New analysis of seafloor sediments has provided scientists with direct evidence of dramatic natural changes in oceanic, atmospheric, climatic and ecological conditions, resolving long-standing controversy around climate change.
Around 56 million years ago a large amount of carbon dioxide was added, by natural means, to the atmosphere. This resulted in major climatic disruption, together with changes in ocean chemistry and marine biology. For years scientists have questioned whether the CO2 emission occurred over a few years (faster than we are releasing CO2 now), or over millennia (slower than today’s emission rates).
This scientific controversy, important for projecting the scale of consequences of human‐driven CO2 emissions, has now been resolved. A detailed study of what are known as ‘biscuits’ in samples from marine mud and clay deposited on the sea floor has been carried out by Professor Paul Pearson from Cardiff University’s School of Earth and Ocean Sciences.
Analysis of seafloor sediments laid down in the geological past provides scientists with direct evidence of dramatic natural changes in oceanic, atmospheric, climatic and ecological conditions, that have, at several times, resulted in worldwide species extinctions. Whilst there is scientific agreement that an asteroid’s impact on Earth around 65 million years ago caused the demise of the dinosaurs and marine life forms such as ammonites, much less is known about the causes and timescale of events around 9 million years later, at the boundary between the Paleocene and Eocene geological epochs.

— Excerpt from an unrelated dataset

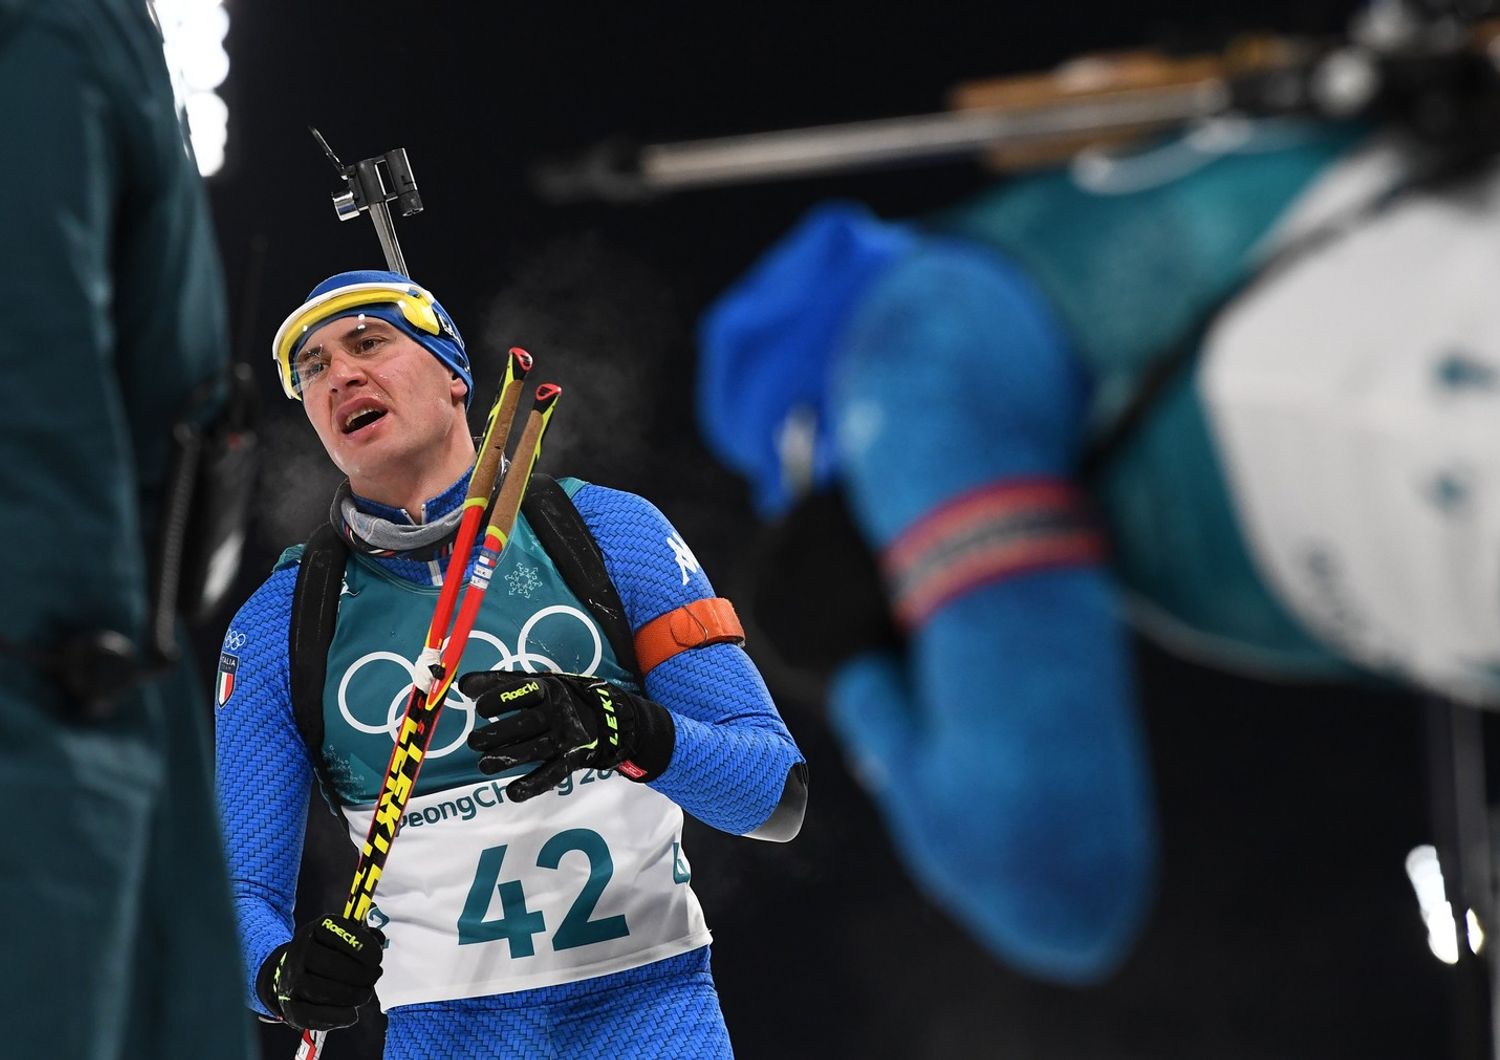 Giochi 2018: bronzo a Windisch,&nbsp;prima medaglia italiana nel biathlon

A crucial issue is whether the layering in sediment cores from New Jersey, reflecting conditions during that period, might be annual. In 2013, a high‐profile publication claimed that it was, hence implying a near‐instantaneous release to the atmosphere of thousands of billions of tonnes of carbon, as either CO2 or methane. Such an interpretation has major implications for our understanding of climate processes and their effects, including the tolerance of marine organisms to very rapid ocean acidification. Other scientists disagreed about the time‐scale of the carbon release, but conclusive evidence one way or another has, until now, been lacking.
Professor Paul Pearson (Cardiff University) suspected that the apparently annual layers were an artefact of the sampling process. Sediment cores are extracted by cylindrical drills, and a combination of spinning and slippage can result in ‘biscuiting’ or ‘discing’, shown by internal cracks or breaks in the core samples. This process has been observed previously, for example in sediment cores obtained from the Deep‐Sea Drilling Project. In the Paleocene‐Eocene boundary cores from New Jersey, around 13 such layers (each 2 ‐ 3 cm thick) occurred over the period of the carbon chemistry changes; re‐examination of the cores by Pearson and his colleague Dr Ellen Thomas (Yale University) showed evidence of concentric grooves characteristic of biscuiting.

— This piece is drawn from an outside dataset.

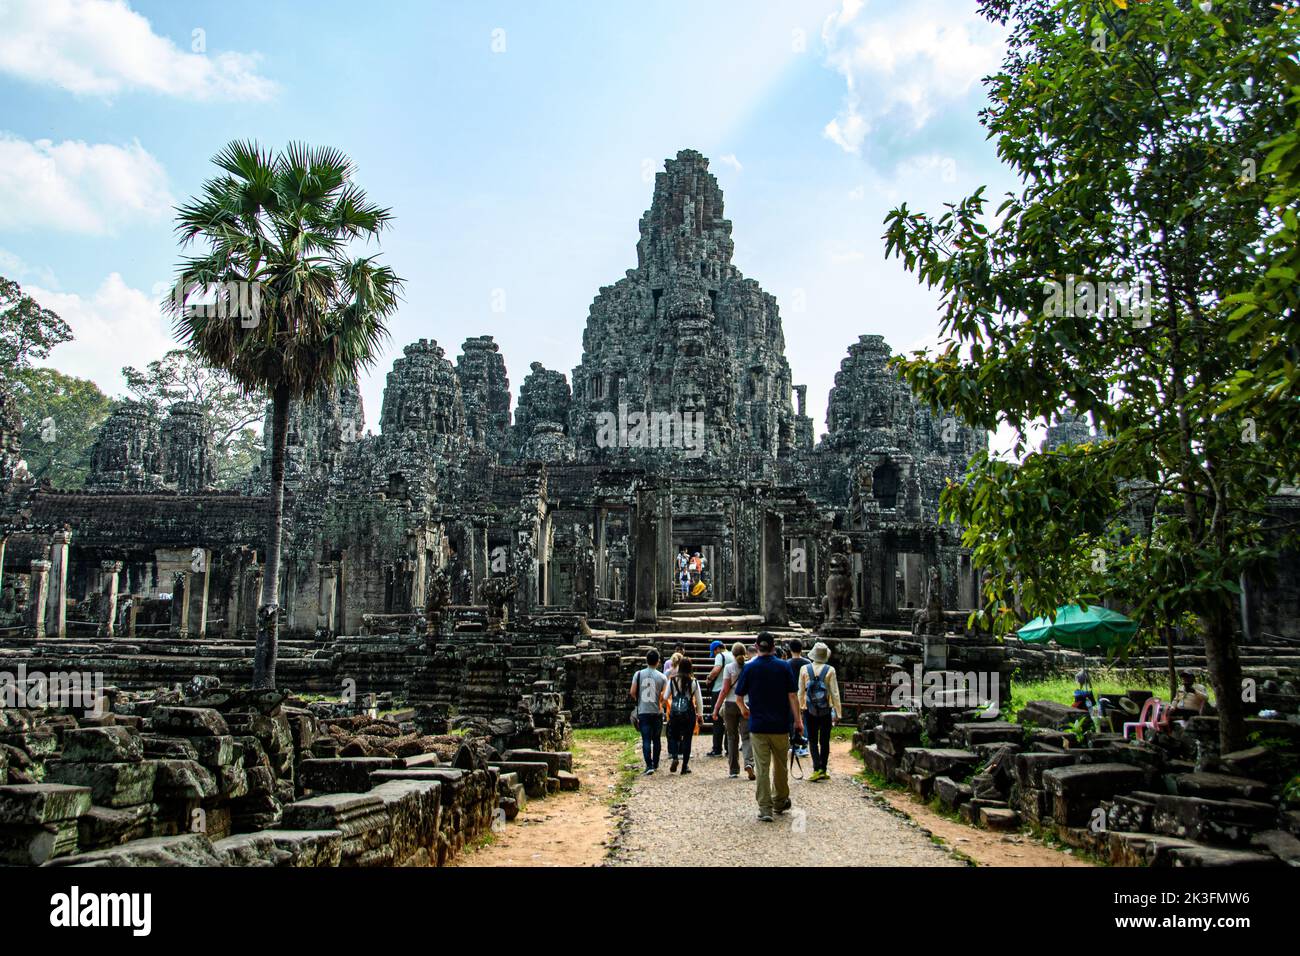 Cambodge. Siem Reap. Le parc archéologique d'Angkor. Touristes visitant le temple de Bayon temple hindou du 12th siècle Banque D'Images

But could such biscuiting arise from pre‐existing weaknesses in the core, with the underlying cause being an annual periodicity in sedimentation? There was no evidence for such a process in the New Jersey cores, and in addition Pearson and Thomas re‐examined the abundance of microscopic marine fossils (foraminifera) within the cores. If the layers had been formed annually, the accumulation rate of these micro‐fossils would have had to have been many times higher than the fastest rate observed in similar environments today, i.e. on the continental shelf, with rapid sediment accumulation. Since that is an unrealistic scenario, the inescapable conclusion is that the changes took place over thousands of years, consistent with Earth system models, rather than a decade or so.
“Whilst the initial mis‐interpretation of the layering was an easy mistake to make, the resolution of this issue has profound implications” said Professor Pearson, “The link between carbon dioxide emissions and ocean acidification crucially depends on the rate at which atmospheric changes occur; at slower rates, there is much more chemical buffering because carbon compounds move from the atmosphere into surface ocean waters and then into the deep sea, where they dissolve limestone. Furthermore, slower rates may enable some evolutionary adaptation by marine organisms. Whilst we can now be more confident in interpreting the past, these re‐analyses increase our concern over what might happen in the future”.